Enabling MoE on the Edge via Importance-Driven Expert Scheduling
Guoying Zhu, Meng Li, Haipeng Dai, Xuechen Liu, Weijun Wang, Keran Li, Jun xiao, Ligeng Chen, Wei Wang
TL;DR
This paper tackles the challenge of deploying fine-grained Mixture of Experts (MoE) LLMs on memory-limited edge devices by introducing SMoE, an importance-driven expert scheduler with substitution. SMoE substitutes low-importance active experts with functionally similar GPU-resident substitutes and prefetches top-score experts to overlap loading with computation, augmented by a CPU-assisted loading pipeline to balance workloads. The approach is formalized with per-layer substitution objectives, an expert-cache router, and a score-aware eviction policy, and is validated across multiple MoE models, GPUs, and edge-like workloads, achieving up to 48% decoding latency reduction and over 60% GPU-cache hit rate with near-lossless accuracy.

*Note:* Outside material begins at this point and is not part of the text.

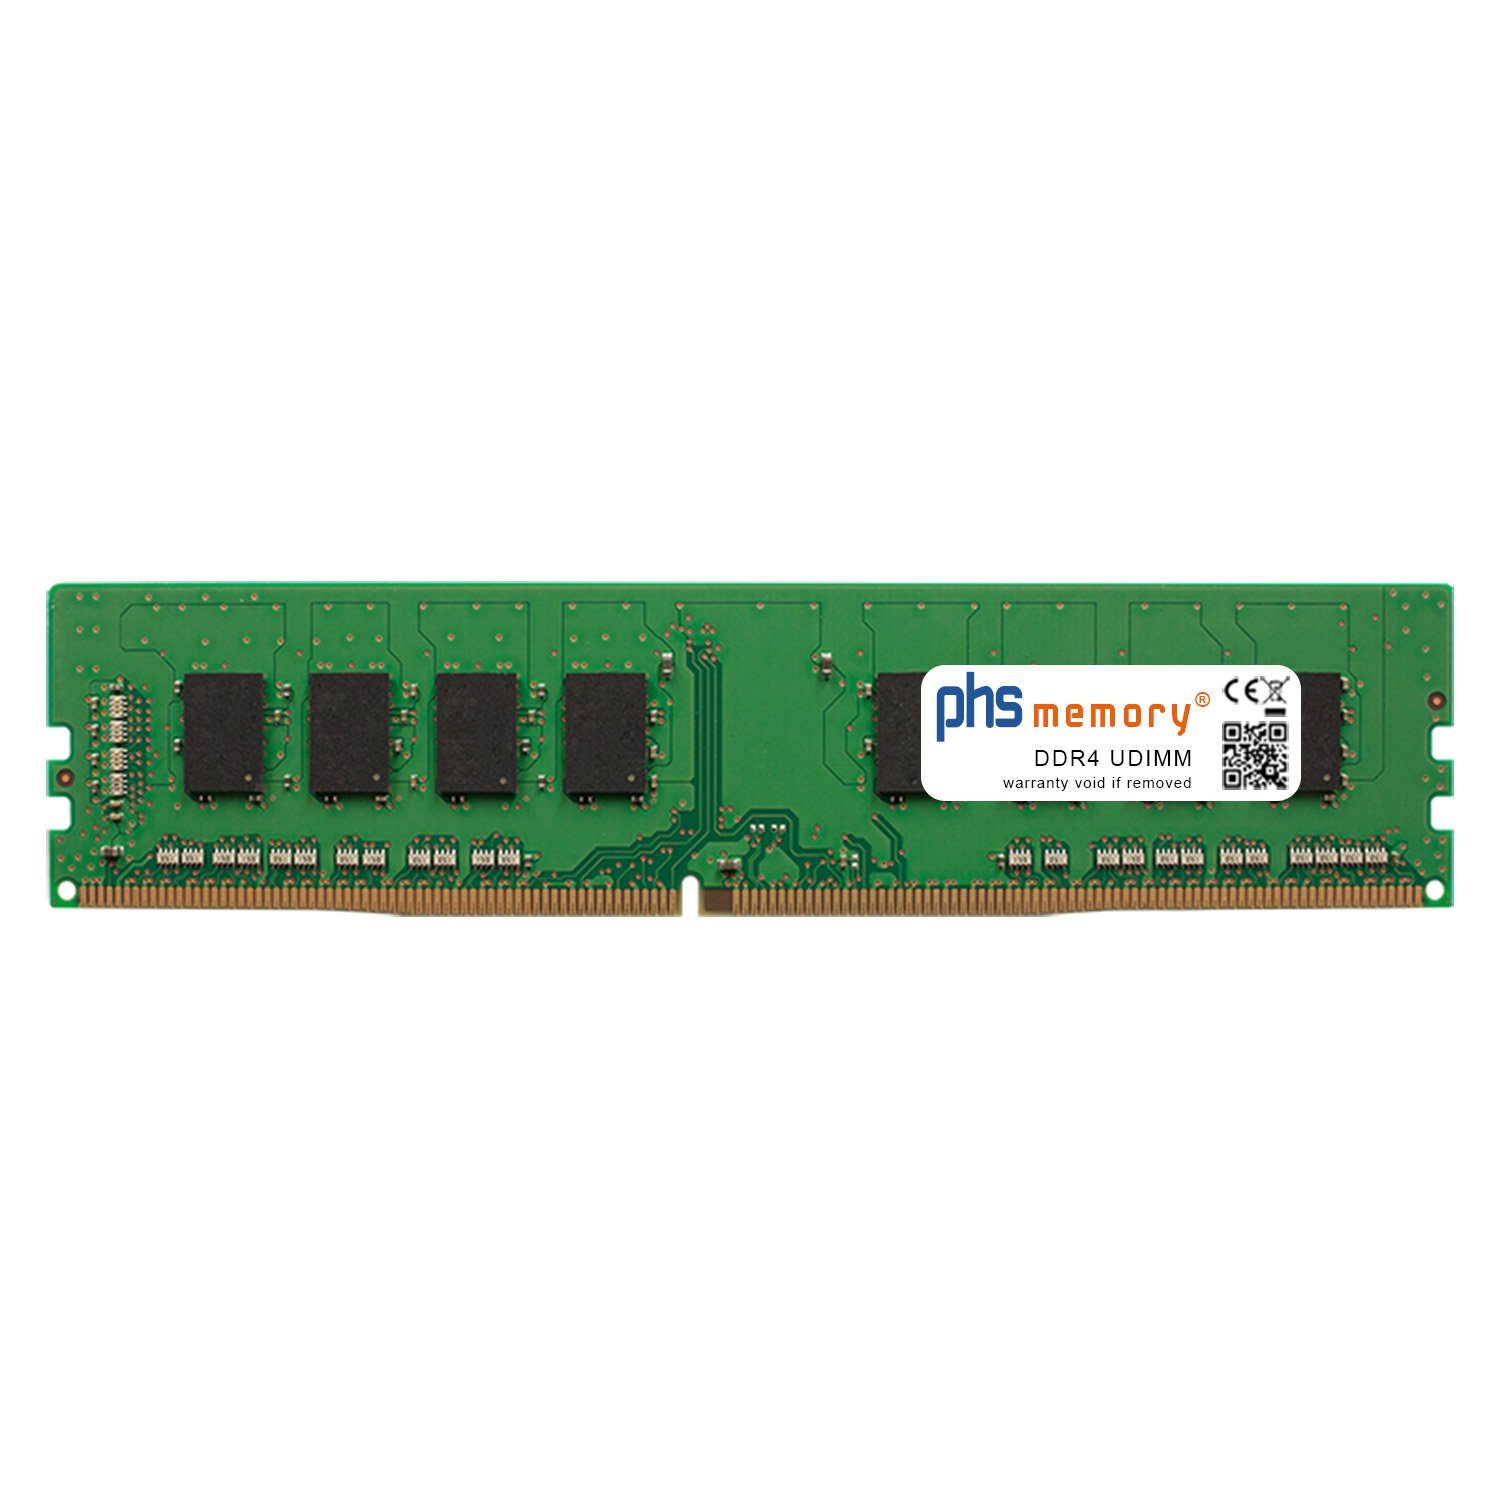 PHS-memory RAM für ASRock X370 Taichi Arbeitsspeicher

The solution significantly reduces PCIe transfers and CPU overhead, enabling more scalable and private edge deployments of MoE LLMs for real-world applications.
Abstract
The Mixture of Experts (MoE) architecture has emerged as a key technique for scaling Large Language Models by activating only a subset of experts per query. Deploying MoE on consumer-grade edge hardware, however, is constrained by limited device memory, making dynamic expert offloading essential. Unlike prior work that treats offloading purely as a scheduling problem, we leverage expert importance to guide decisions, substituting low-importance activated experts with functionally similar ones already cached in GPU memory, thereby preserving accuracy. As a result, this design reduces memory usage and data transfer, while largely eliminating PCIe overhead. In addition, we introduce a scheduling policy that maximizes the reuse ratio of GPU-cached experts, further boosting efficiency. Extensive evaluations show that our approach delivers 48% lower decoding latency with over 60% expert cache hit rate, while maintaining nearly lossless accuracy.